### ACTIVITY
Copy out each line below verbatim, skipping any picture.

### SUPPLIED MATERIAL
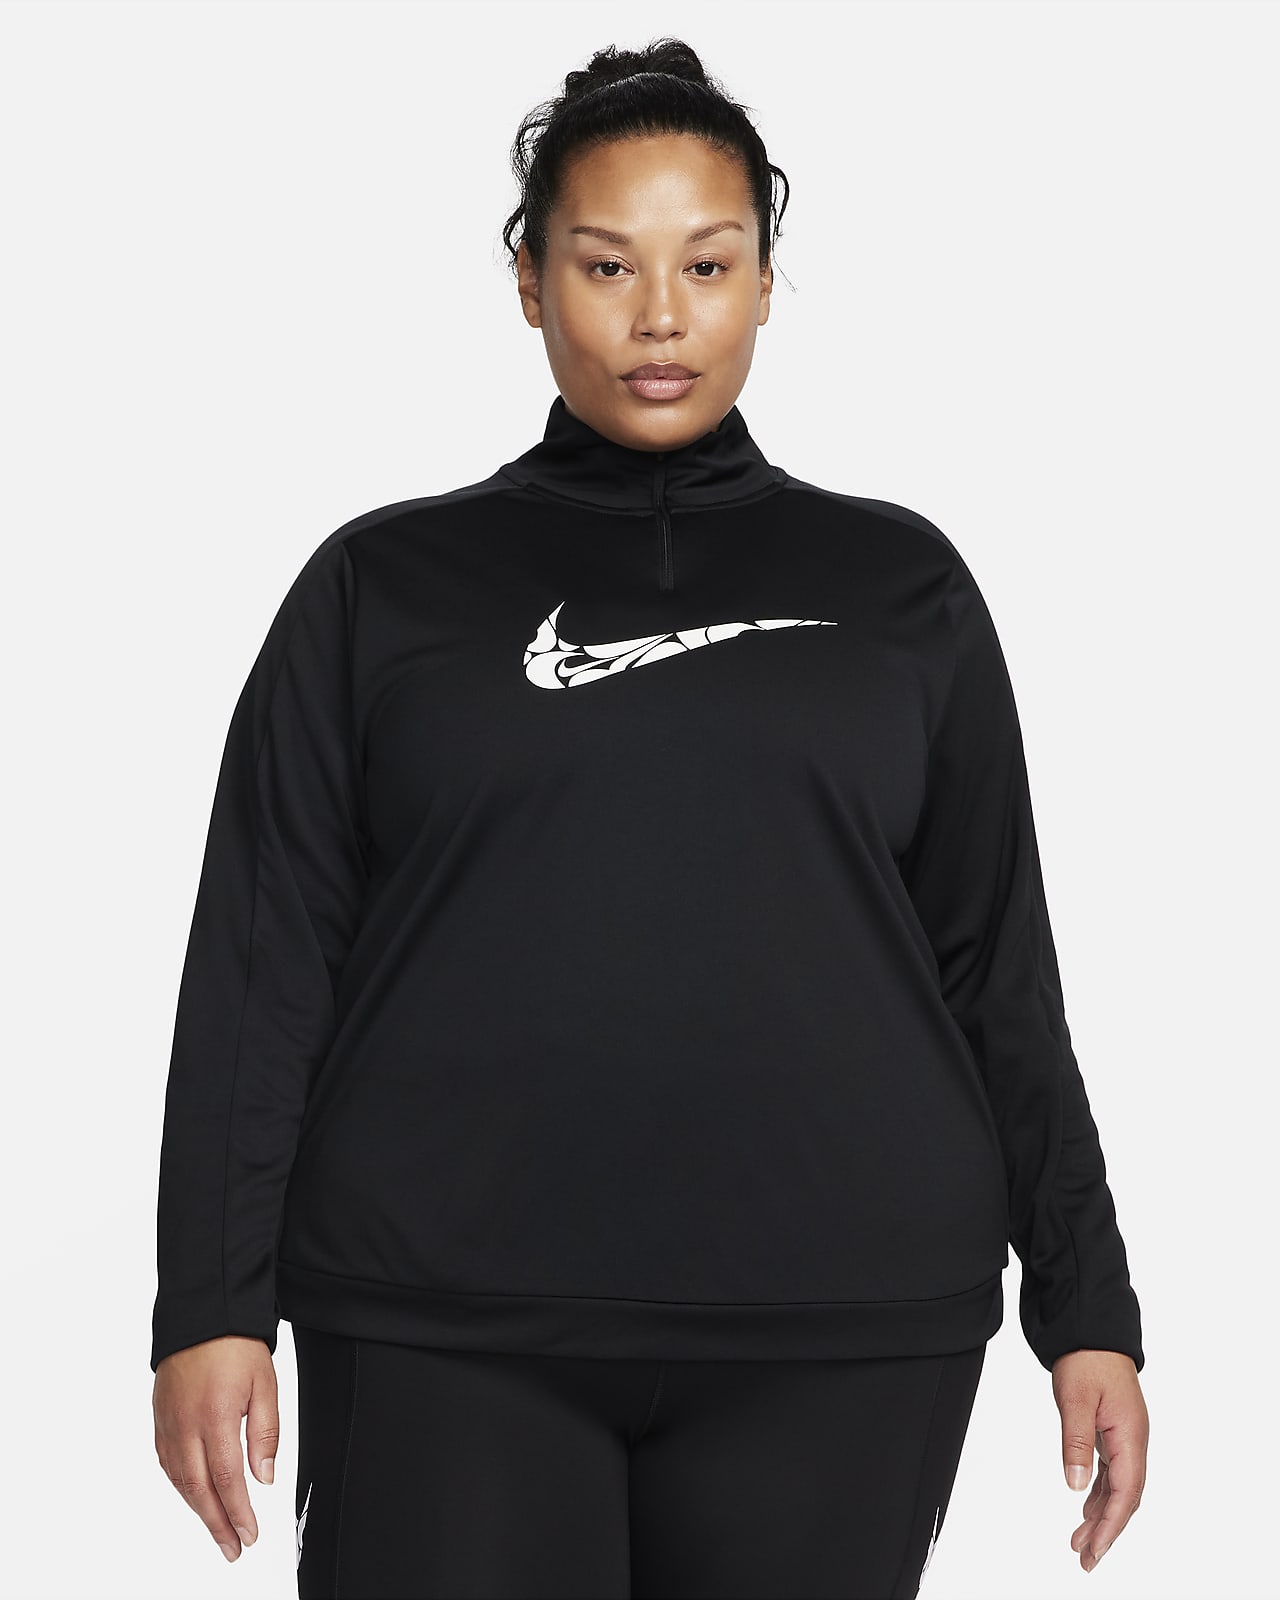 Mellanlager Nike Swoosh Dri-FIT med dragkedja i kvartslängd för kvinnor (Plus Size)
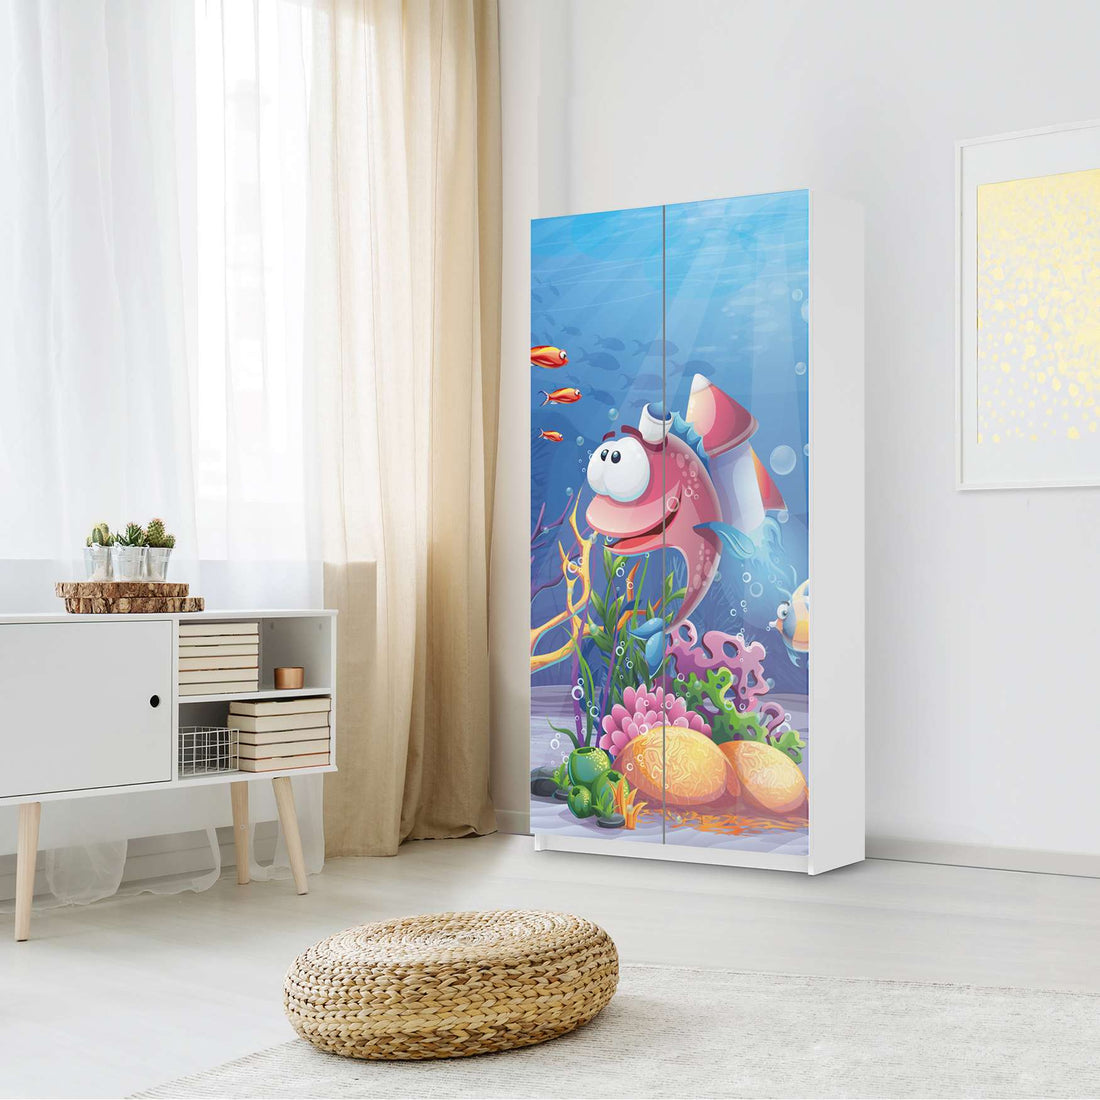 Klebefolie für Möbel Bubbles - IKEA Pax Schrank 201 cm Höhe - 2 Türen - Kinderzimmer
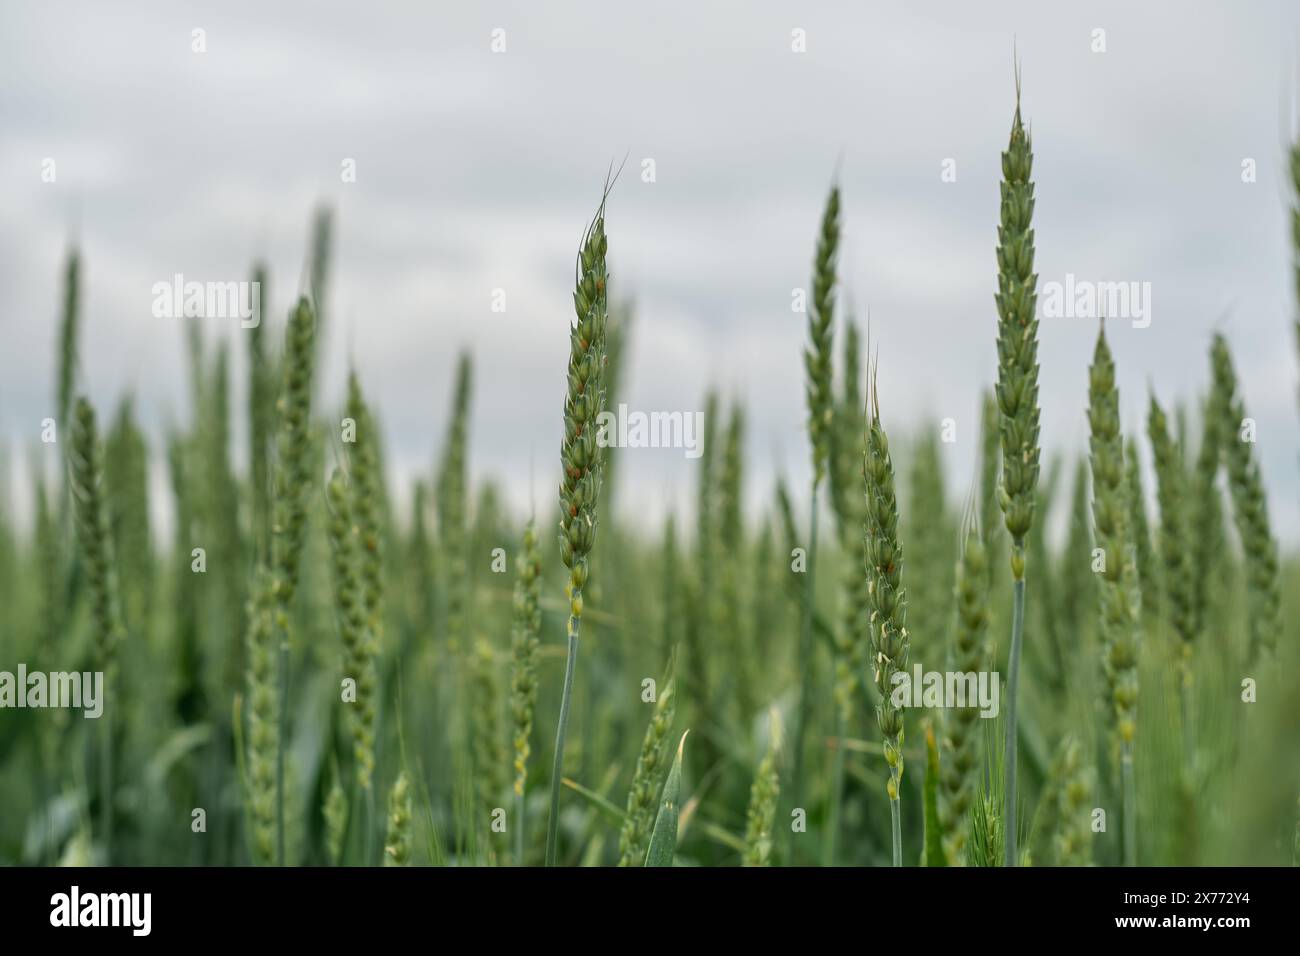 Selektiver Fokus und Nahaufnahme von Ähren von grünem Weizen bei bewölktem Wetter, was der Landschaft eine stimmungsvolle Atmosphäre verleiht, Poster über Landwirtschaft und Wachstum Stockfoto

### WRITTEN SOLUTION
 Mellanlager Nike Swoosh Dri-FIT med dragkedja i kvartslängd för kvinnor (Plus Size)
 Klebefolie für Möbel Bubbles - IKEA Pax Schrank 201 cm Höhe - 2 Türen - Kinderzimmer
 Selektiver Fokus und Nahaufnahme von Ähren von grünem Weizen bei bewölktem Wetter, was der Landschaft eine stimmungsvolle Atmosphäre verleiht, Poster über Landwirtschaft und Wachstum Stockfoto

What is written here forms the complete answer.